Last year, the SBA 7(a) loan program helped more than 62,000 small
businesses. Combined, they were approved for more than $25 billion in
loans, which supported more than 571,000 U.S. jobs.
In Maryland, the 7(a) loan program helped 833 firms, which pumped
nearly $300 million into local communities, supporting more than 6,700
jobs.
The Small Business 71(a) Lending Oversight Reform Act of 2018
strengthens SBA's oversight of 7(a) lenders in the following ways:
modernizes the definition of and compliance with the Credit Elsewhere
test; creates a streamlined process to prevent a shutdown of the
program with a process by which SBA can request an increase of the 7(a)
lending cap, up to 15 percent, after an appropriate waiting period;
ensures the Director of the Office of Credit Risk Management, OCRM, is
qualified and nonpartisan; improves the quality of lender reviews and
examinations; and strengthens the rights of lenders to get timely
reports of oversight reviews and appeal penalties.
Of the reforms we are enacting, two of the most significant are
modernizing the credit elsewhere test and streamlining the process to
increase the 7(a) program cap.
The credit elsewhere test is the bedrock of the 7(a) program. It was
created to ensure SBA is only backing loans to qualified borrowers who,
but for the guaranty, would not get a loan based on conventional market
standards. This lender oversight bill updates the credit elsewhere
definition to reflect current market gaps, reinforces OCRM's duty to
ensure lenders use the credit elsewhere test for the benefit of the
borrower and not the lender, and strengthens OCRM's authority to
substantiate how lenders determine and document the credit elsewhere
test.
Creating a streamlined process to increase the lending capacity of
SBA's largest loan program will provide needed stability to this
essential source of long-term capital for small businesses.
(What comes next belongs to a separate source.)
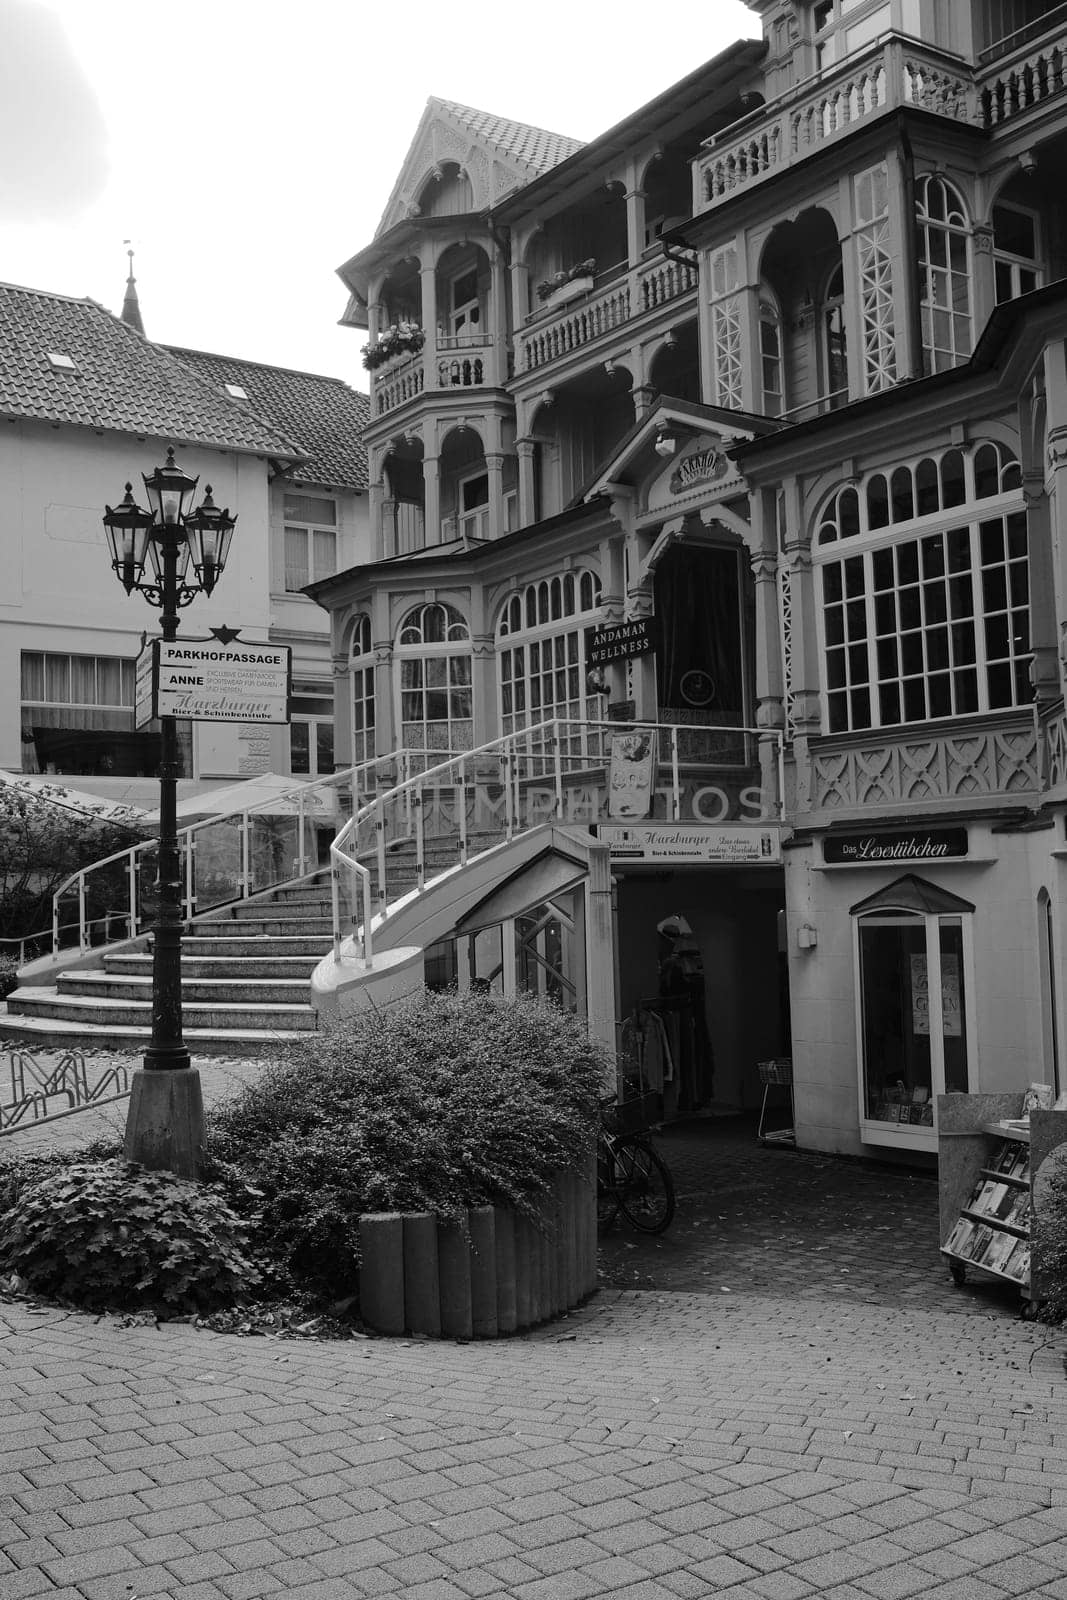 Vertical grayscale shot of a decorative classic villa in Bad Harzburg, Germany

Currently,
if the 7(a) program hits its lending cap, Congress must act
legislatively to raise the program level. Finding a timely legislative
vehicle is difficult and this legislative uncertainty can trigger
market uncertainty and shutdown the program.
To address this problem, this bill establishes a notification-and-
wait process by which SBA can notify Congress of its intent to increase
the 7(a) lending cap, up to 15 percent, after a 30-day waiting period.
To prevent abuse of this authority, SBA may only increase the cap once
a year.
I support the 7(a) loan program and these lender oversight reforms. I
look forward to building on this legislation by identifying ways to
increase 7(a) loans to borrowers in unserved markets.